### RAW DATA
"""

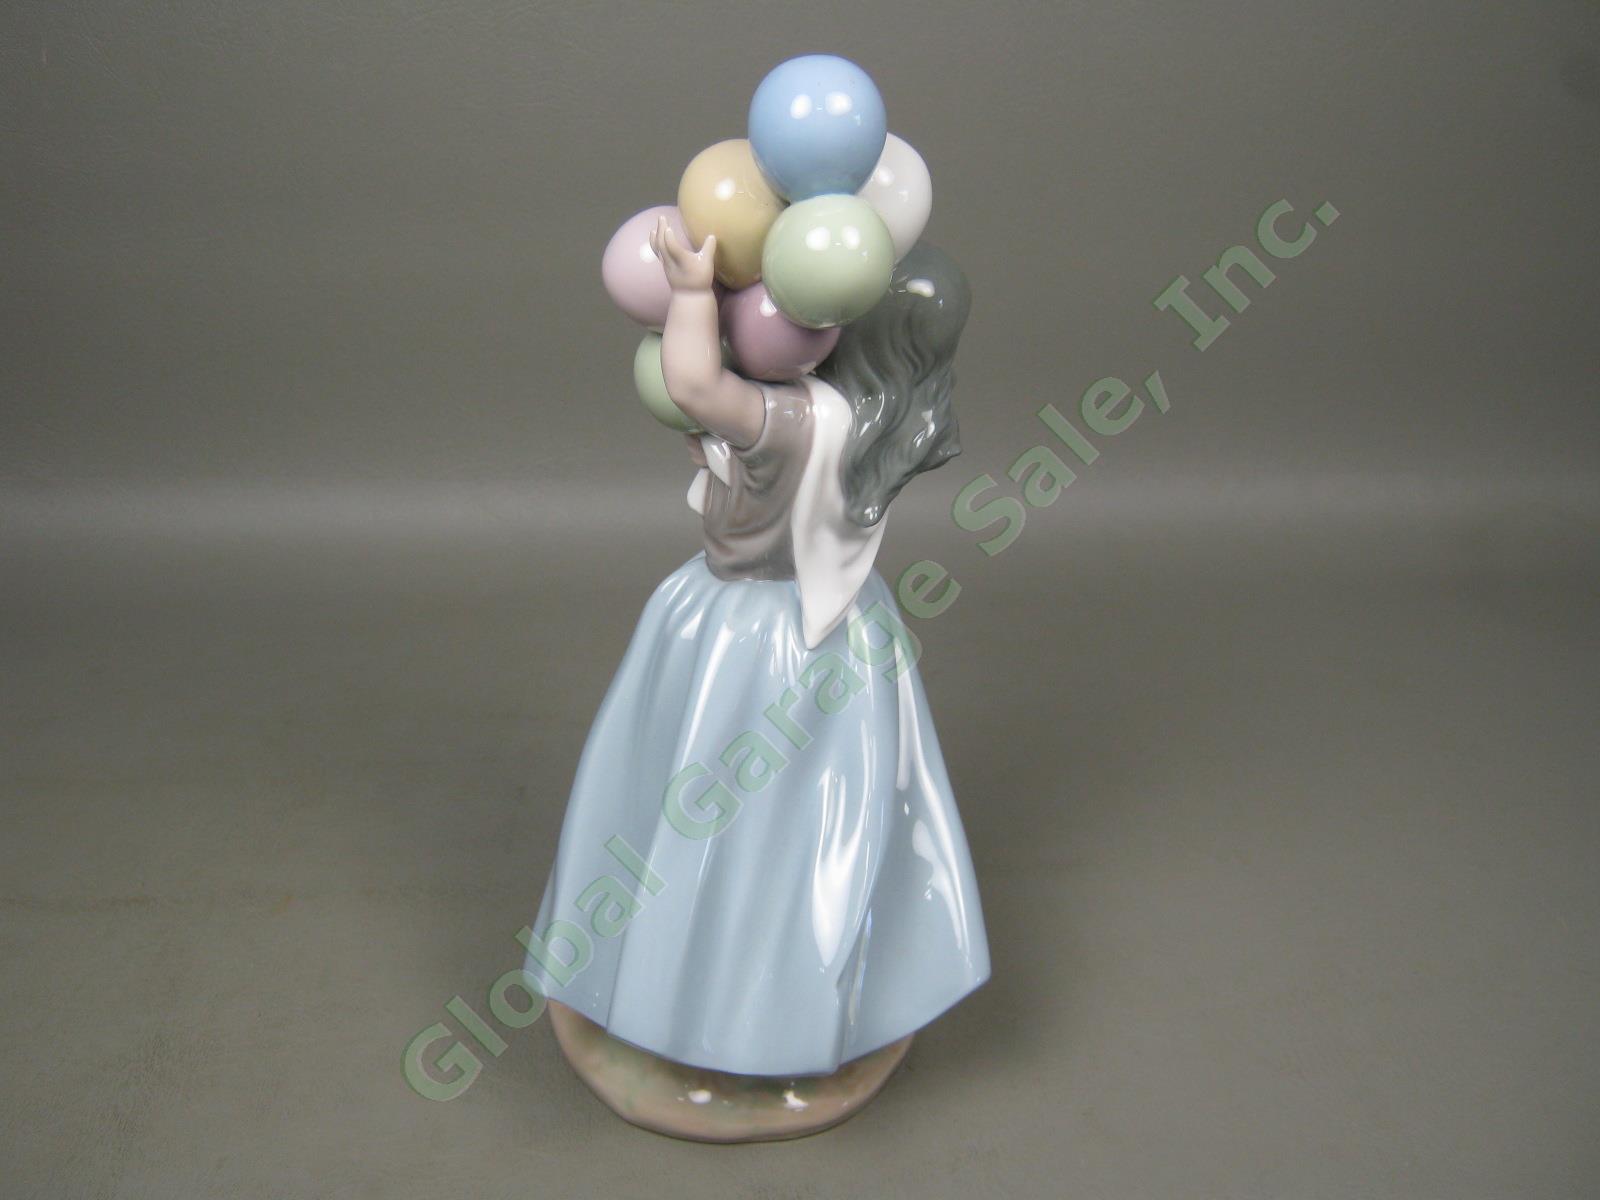 Vtg Retired Lladro Glossy Glazed Porcelain Balloon Seller Girl Figurine 10" 5141 2
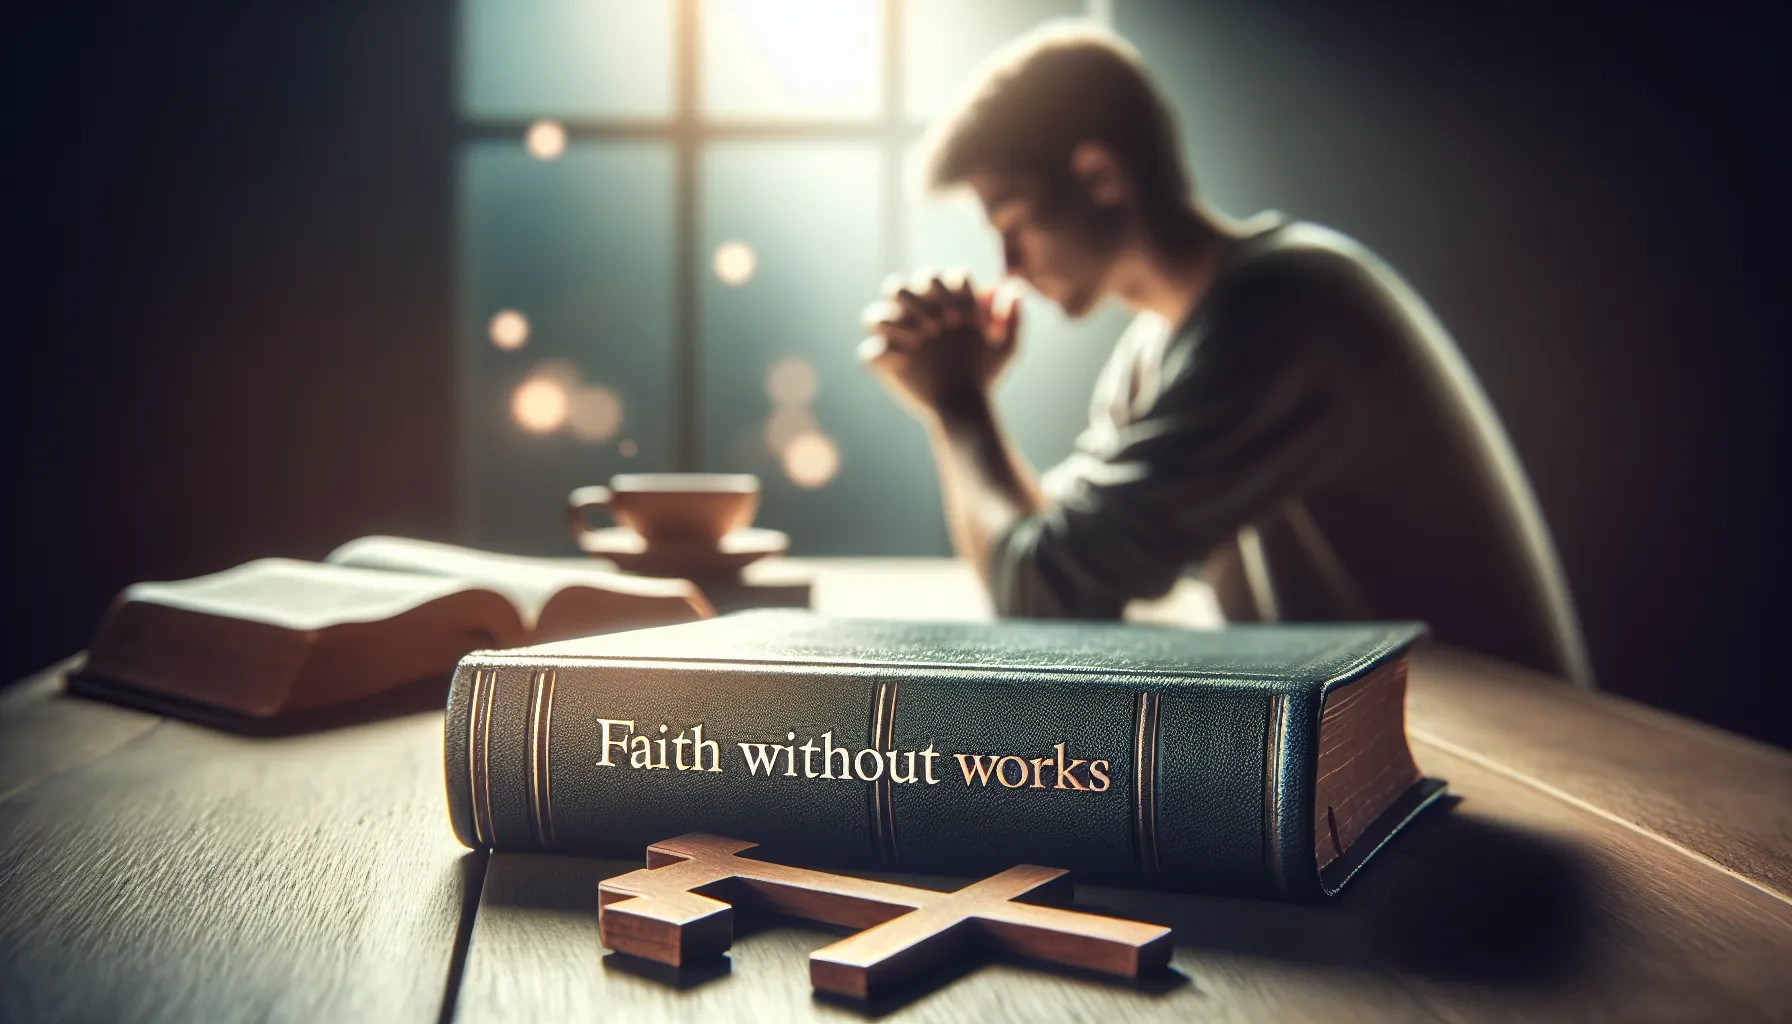 Concepto religioso de la fe sin obras ilustrado con una imagen de la Biblia abierta y una persona reflexionando.
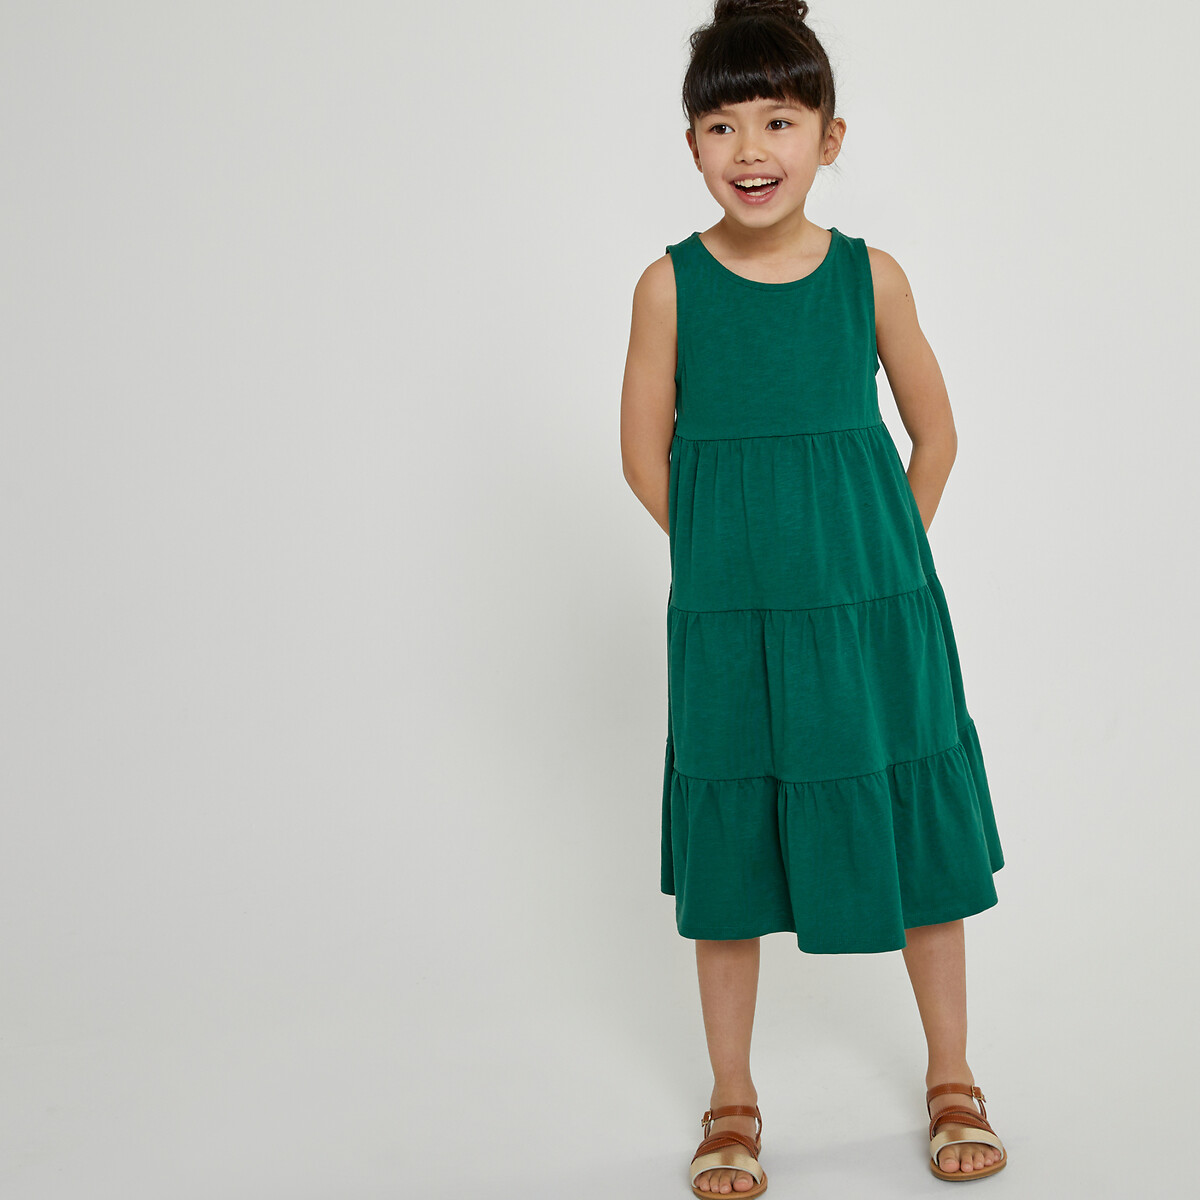 Платье без рукавов 3 года - 94 см зеленый джоггеры 3 14 лет 3 года 94 см зеленый

"""

### WHAT TO WORK ON
Pictures aside, give the data again exactly as it appears.

### ANSWER TO THE PROBLEM
 Vtg Retired Lladro Glossy Glazed Porcelain Balloon Seller Girl Figurine 10" 5141 2
 Concepto religioso de la fe sin obras ilustrado con una imagen de la Biblia abierta y una persona reflexionando.
 Платье без рукавов 3 года - 94 см зеленый джоггеры 3 14 лет 3 года 94 см зеленый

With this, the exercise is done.